Packages: Hadoop, Spark, Hbase, Pig, Zookeeper

- Well

Packages: Storm, Phoenix

Features: No-local-dir

- Experimental

Packages: Kafka, Zeppelin, Hive, TensorFlow w/ & w/o
Horovod, Ray

Documentation
-------------

General information about all of Magpie can be found below. For
information on individual projects, please see the following README
files.

Hadoop - See README.hadoop
Pig - See README.pig
Hbase - See README.hbase
Hive - See README.hive
Spark - See README.spark
TensorFlow - See README.tensorflow
TensorFlow Horovod - See README.tensorflow-horovod
Ray - See README.ray
Storm - See README.storm
Phoenix - See README.phoenix
Kafka - See README.kafka
Zeppelin - See README.zeppelin
Zookeeper - See README.zookeeper

Documentation on some optional features:

- Support HPC systems without (or very small) /tmp filesystems - See README.no-local-dir

Some miscellaneous documentation:

- Testsuite information - See README.testsuite
- FAQ of random common questions - See README.faq

Exported Environment Variables
------------------------------

The following environment variables are exported when your job is run
and may be useful in scripts in your run or in pre/post run scripts.

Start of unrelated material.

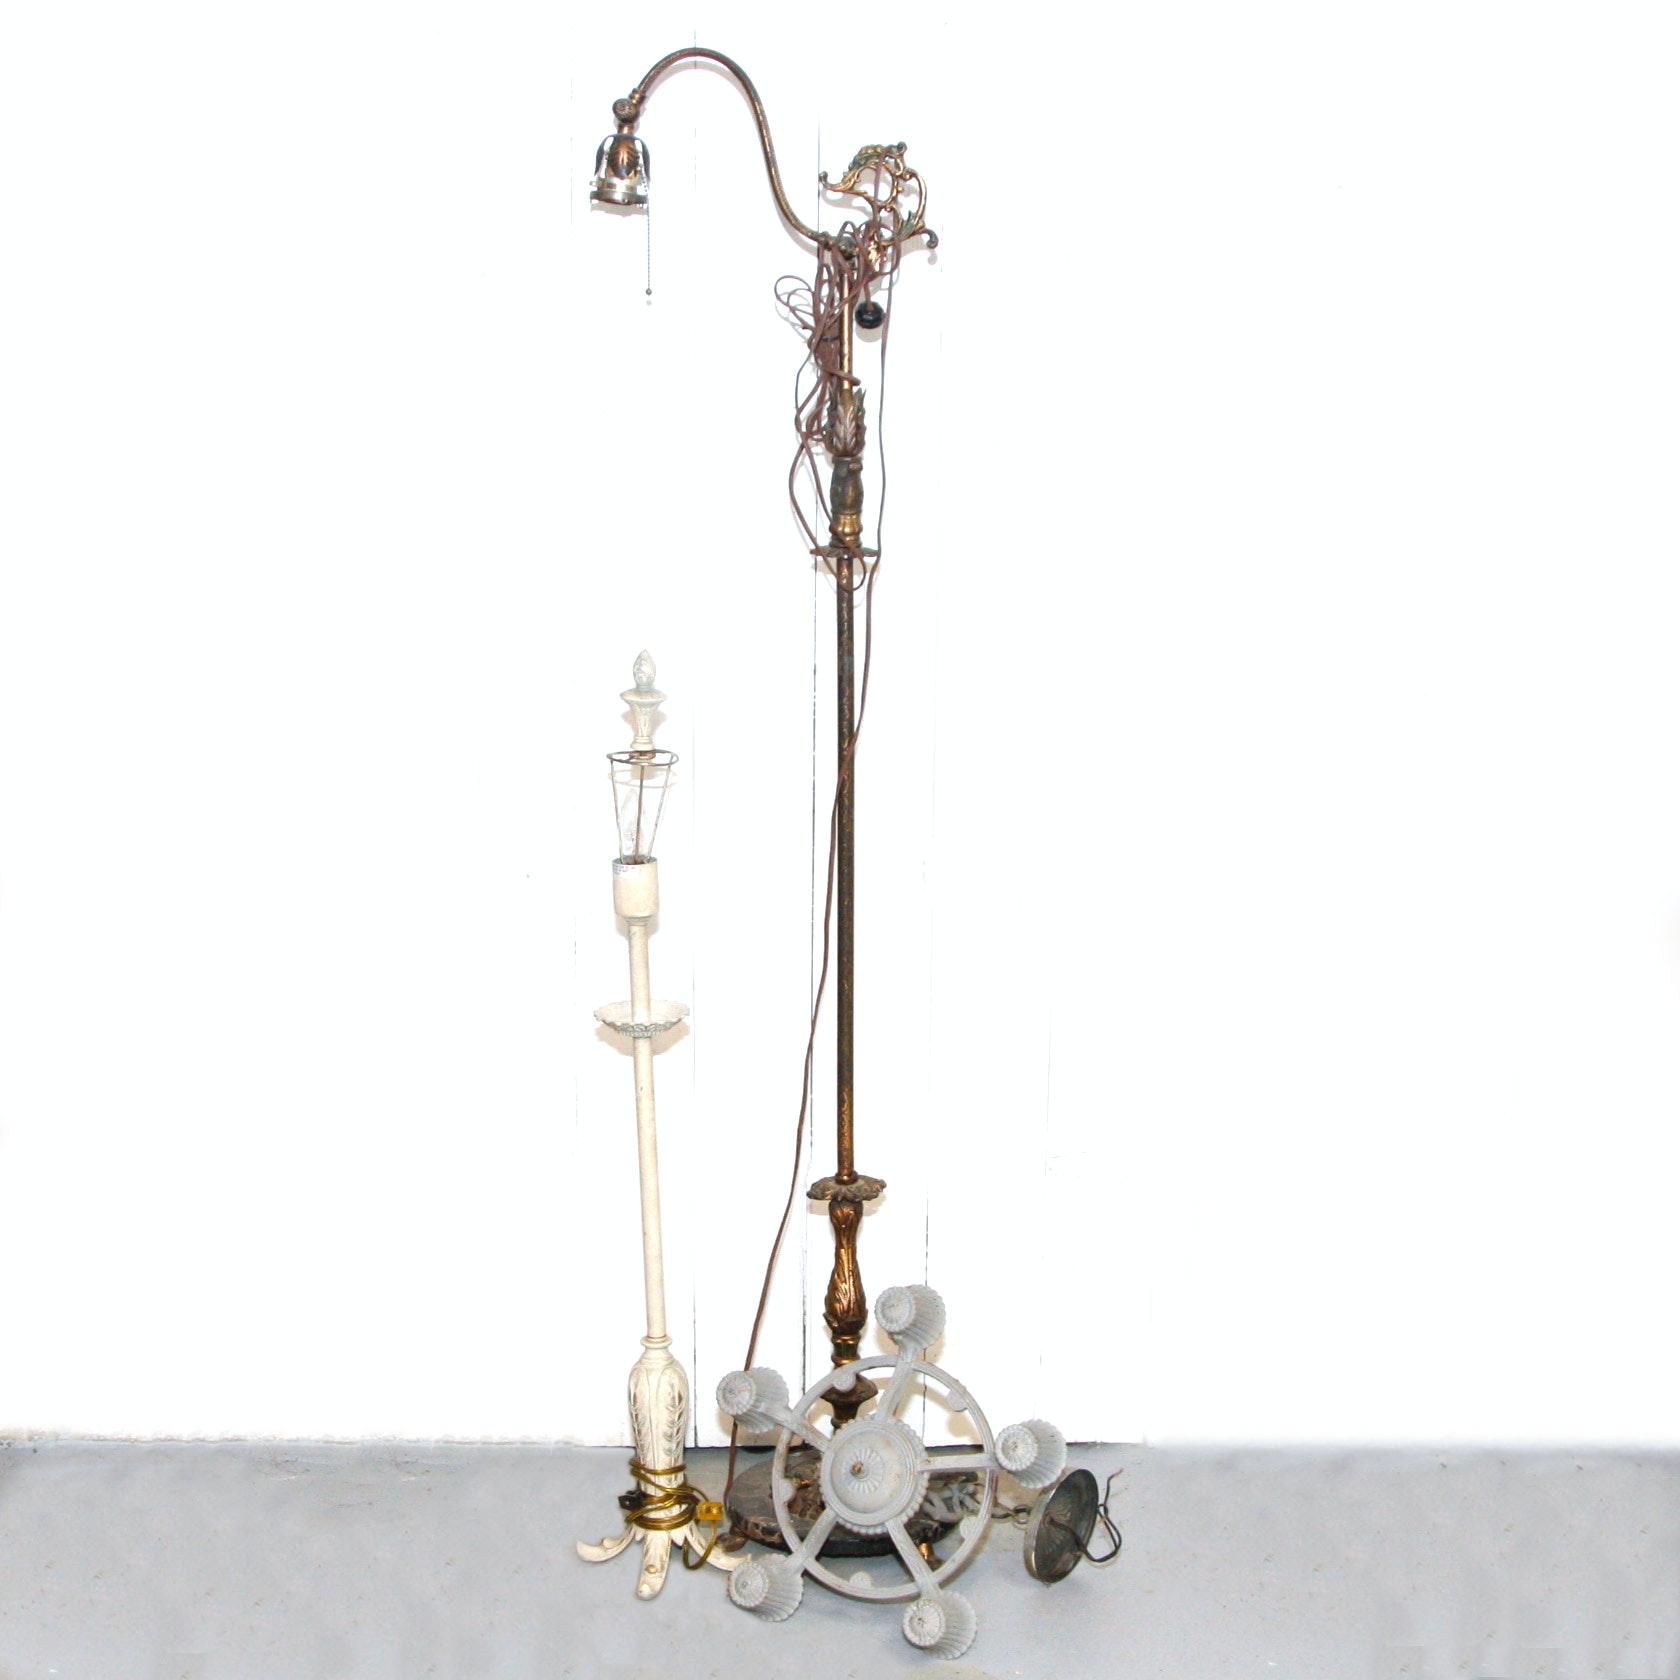 Three Antique to Vintage Cast Metal Lighting Fixtures

Note that they may not be automatically exported if you remote login
into your master node. See MAGPIE_ENVIRONMENT_VARIABLE_SCRIPT for a
convenient mechanism to export commonly used environment variables
during a remote login session.

Project specific environment variable exports are also available, see
those sections for more information.

MAGPIE_CLUSTER_NODERANK : the rank of the node you are on. It's often
convenient to do something like

if [ $MAGPIE_CLUSTER_NODERANK == 0 ]
then
....
fi

To only do something on one node of your allocation.

MAGPIE_NODE_COUNT : Number of nodes in this allocation.

MAGPIE_NODELIST : Nodes in your allocation.

MAGPIE_JOB_NAME : Job name

MAGPIE_JOB_ID : Job ID

MAGPIE_TIMELIMIT_MINUTES : Timelimit of job in minutes

Convenience Scripts
-------------------

A number of convenience scripts are included in the scripts/
directory, both for possible usefulness and as examples. They are
organized within the directory as follows:

job-scripts - These are scripts that you would run as a possible job
in Magpie. You would set these scripts in the MAGPIE_JOB_SCRIPT
environment variable.

pre-job-run-scripts - These are scripts that you would run before the
actual calculation is executed. You would set these scripts in the
MAGPIE_PRE_JOB_RUN environment variable.

post-job-run-scripts - These are scripts that you would run after the
actual calculation is executed. You would set these scripts in the
MAGPIE_POST_JOB_RUN environment variable.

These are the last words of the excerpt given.